*** GIVEN INFORMATION ***

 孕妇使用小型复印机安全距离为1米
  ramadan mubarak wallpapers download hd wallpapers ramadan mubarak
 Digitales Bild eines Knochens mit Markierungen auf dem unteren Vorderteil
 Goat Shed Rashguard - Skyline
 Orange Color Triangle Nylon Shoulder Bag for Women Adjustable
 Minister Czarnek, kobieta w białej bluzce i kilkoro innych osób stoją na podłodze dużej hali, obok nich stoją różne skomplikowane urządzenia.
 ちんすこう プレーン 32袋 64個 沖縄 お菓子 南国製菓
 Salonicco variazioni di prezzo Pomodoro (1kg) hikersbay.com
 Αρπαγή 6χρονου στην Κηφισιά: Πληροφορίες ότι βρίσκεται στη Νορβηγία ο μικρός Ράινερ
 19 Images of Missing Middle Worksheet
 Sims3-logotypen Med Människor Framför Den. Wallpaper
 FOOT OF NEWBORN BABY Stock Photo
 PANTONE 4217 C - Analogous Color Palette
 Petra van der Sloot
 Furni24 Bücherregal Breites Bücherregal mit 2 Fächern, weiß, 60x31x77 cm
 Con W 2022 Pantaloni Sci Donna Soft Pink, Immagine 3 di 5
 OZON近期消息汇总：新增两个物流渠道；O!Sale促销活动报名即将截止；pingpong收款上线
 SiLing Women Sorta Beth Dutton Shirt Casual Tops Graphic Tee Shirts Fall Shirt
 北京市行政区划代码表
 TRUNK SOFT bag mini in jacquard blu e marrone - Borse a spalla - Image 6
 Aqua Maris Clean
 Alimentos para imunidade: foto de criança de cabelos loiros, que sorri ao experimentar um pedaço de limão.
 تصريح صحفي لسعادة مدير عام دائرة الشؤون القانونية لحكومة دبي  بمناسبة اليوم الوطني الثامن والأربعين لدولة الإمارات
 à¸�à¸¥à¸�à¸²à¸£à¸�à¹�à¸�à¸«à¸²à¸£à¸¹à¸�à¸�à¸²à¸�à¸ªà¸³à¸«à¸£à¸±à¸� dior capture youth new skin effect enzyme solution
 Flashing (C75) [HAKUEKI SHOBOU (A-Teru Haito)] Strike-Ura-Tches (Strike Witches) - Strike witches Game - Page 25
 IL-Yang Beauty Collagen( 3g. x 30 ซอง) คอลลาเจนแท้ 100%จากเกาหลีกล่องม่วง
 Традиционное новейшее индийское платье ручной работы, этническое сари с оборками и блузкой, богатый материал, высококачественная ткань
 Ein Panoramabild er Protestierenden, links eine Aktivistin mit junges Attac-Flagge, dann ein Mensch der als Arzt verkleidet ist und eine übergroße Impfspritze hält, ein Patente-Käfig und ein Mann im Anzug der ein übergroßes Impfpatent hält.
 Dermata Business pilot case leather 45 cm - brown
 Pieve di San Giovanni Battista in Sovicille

*** End of GIVEN INFORMATION ***

In the entries above, find the line with "تصريح صحفي لسعادة" and the line with "Dermata Business pilot", then restate word for word both of them and every line between, with nothing more.

- **SOLVED PROBLEM**
 تصريح صحفي لسعادة مدير عام دائرة الشؤون القانونية لحكومة دبي  بمناسبة اليوم الوطني الثامن والأربعين لدولة الإمارات
 à¸�à¸¥à¸�à¸²à¸£à¸�à¹�à¸�à¸«à¸²à¸£à¸¹à¸�à¸�à¸²à¸�à¸ªà¸³à¸«à¸£à¸±à¸� dior capture youth new skin effect enzyme solution
 Flashing (C75) [HAKUEKI SHOBOU (A-Teru Haito)] Strike-Ura-Tches (Strike Witches) - Strike witches Game - Page 25
 IL-Yang Beauty Collagen( 3g. x 30 ซอง) คอลลาเจนแท้ 100%จากเกาหลีกล่องม่วง
 Традиционное новейшее индийское платье ручной работы, этническое сари с оборками и блузкой, богатый материал, высококачественная ткань
 Ein Panoramabild er Protestierenden, links eine Aktivistin mit junges Attac-Flagge, dann ein Mensch der als Arzt verkleidet ist und eine übergroße Impfspritze hält, ein Patente-Käfig und ein Mann im Anzug der ein übergroßes Impfpatent hält.
 Dermata Business pilot case leather 45 cm - brown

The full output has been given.